Exhibit 99.1
To: Directors and Executive Officers of United Rentals, Inc. (the “Company”)
Date: April 18, 2006
RE: | Notice re End of Sarbanes-Oxley Blackout |
Please be advised of the following:
1. On March 16, 2005, the Company advised you that the Company had delayed filing its 2004 Report on Form 10-K and was planning to restate its pre-2004 results, and that until such 10-K was filed and restatement completed, the Company would no longer be eligible to use its existing S-8 registration statements. As a result, the administrator of each of the United Rentals, Inc. 401(k) Investment Plan and the United Rentals, Inc. Acquisition Plan (together, the “Plans”) suspended the ability of Plan participants, both management and non-management, to invest in Company common stock pursuant to the Plans, referred to as a “blackout period.”

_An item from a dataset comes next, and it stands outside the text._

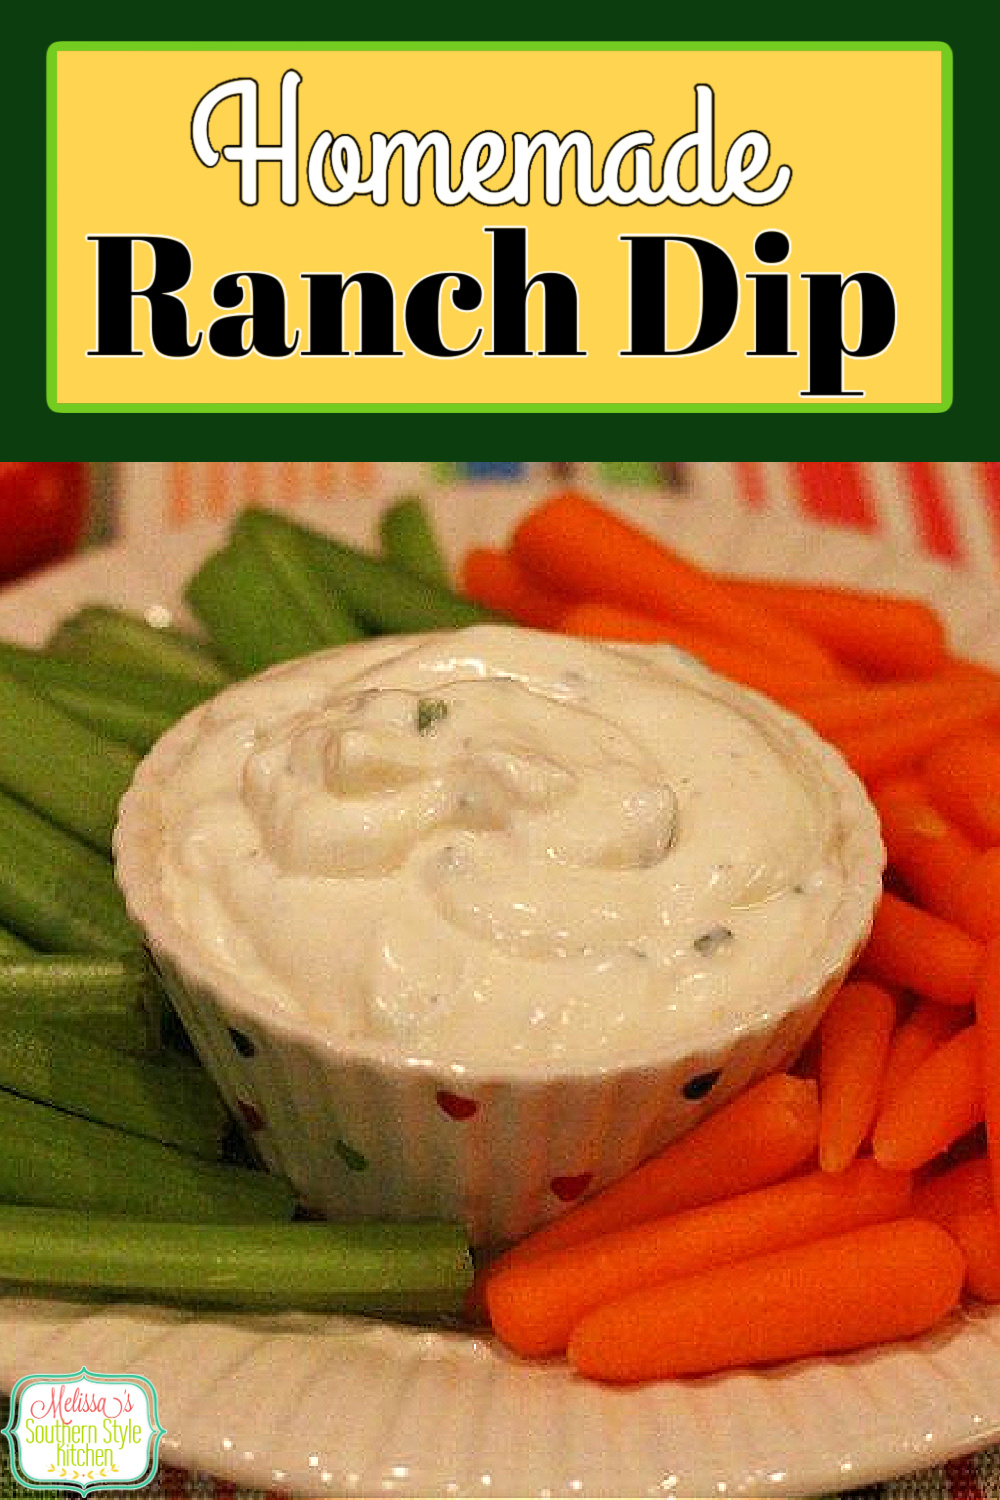 Homemade Ranch Dip ready for dipping with chips and fresh vegetables #ranchdip #homemaderanchdip #diprecipes #homemaderanch #easyrandrecipe #southernrecipes via @melissasssk
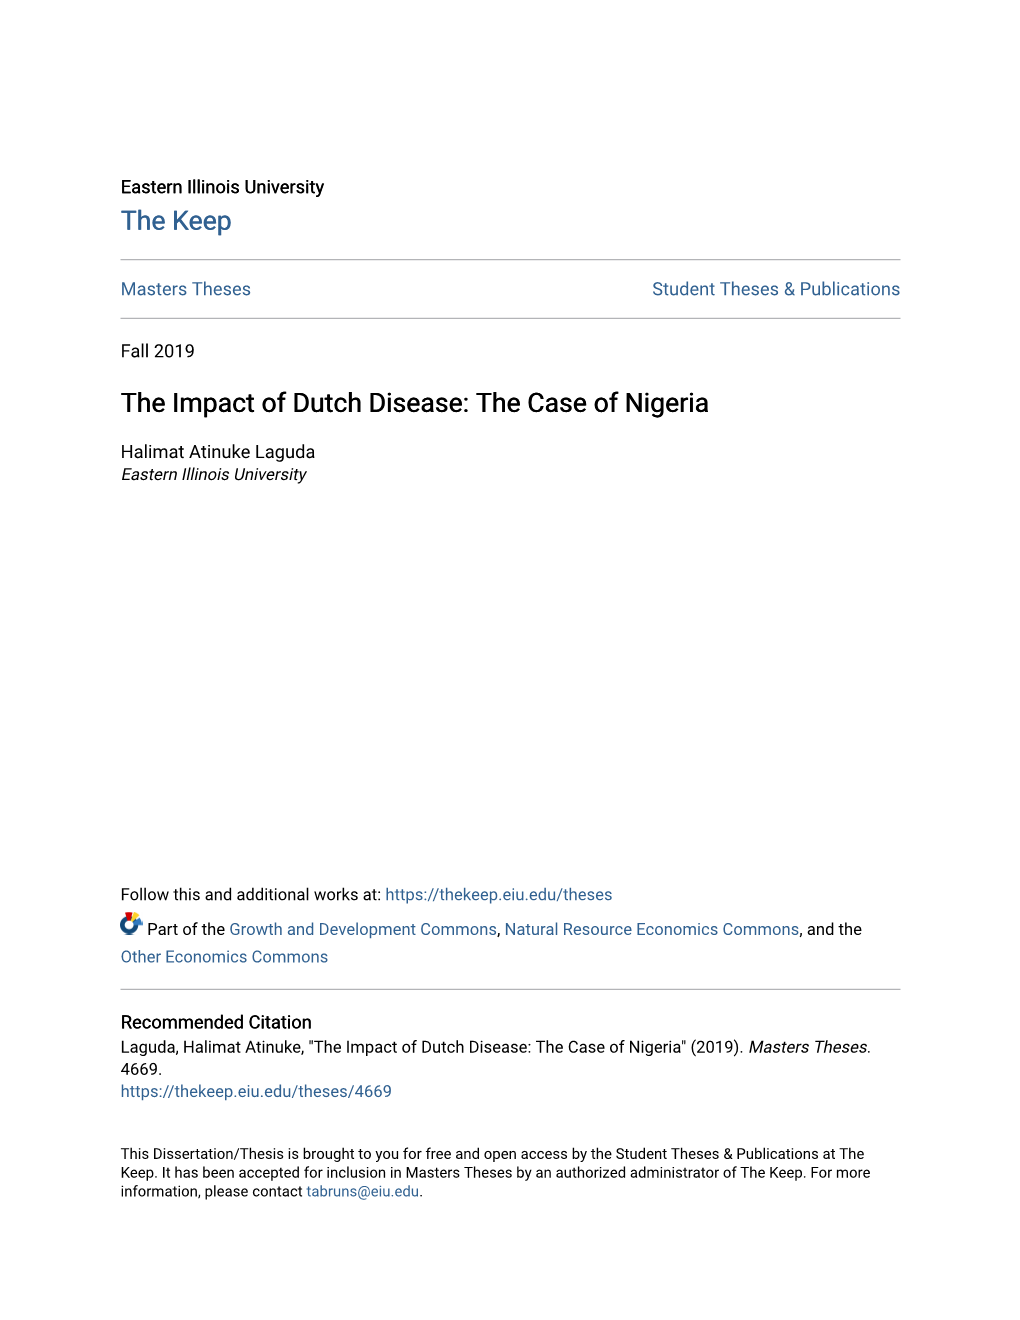 The Impact of Dutch Disease: the Case of Nigeria

2. Pursuant to Section 306(a) of the Sarbanes-Oxley Act and regulations thereunder, the Company’s directors and executive officers were prohibited from engaging in certain transactions in the Company’s equity securities during this “blackout period.” Specifically, you were prohibited from directly or indirectly purchasing, selling or otherwise acquiring or transferring any Company equity security (or any derivatives of a Company equity security), which you acquired in connection with your service and/or employment with the Company in such capacities, subject to certain limited exceptions.
3. The Company has filed its 2004 and 2005 Reports on Form 10-K and its Quarterly Reports on Form 10-Q for 2005. The Plans have filed their 2004 Reports on Form 11-K. Consequently, the “blackout period” with respect to the Plans has ended, effective April 13, 2006. Accordingly, effective immediately, the restrictions placed on you by Section 306(a) of the Sarbanes-Oxley Act with respect to purchasing, selling or otherwise acquiring or transferring any Company equity security (or any derivatives of a Company equity security) are also ended.
4. You are still limited by the Company’s Insider Trading Policy and any other Company policies relating to trading in Company stock by certain insiders.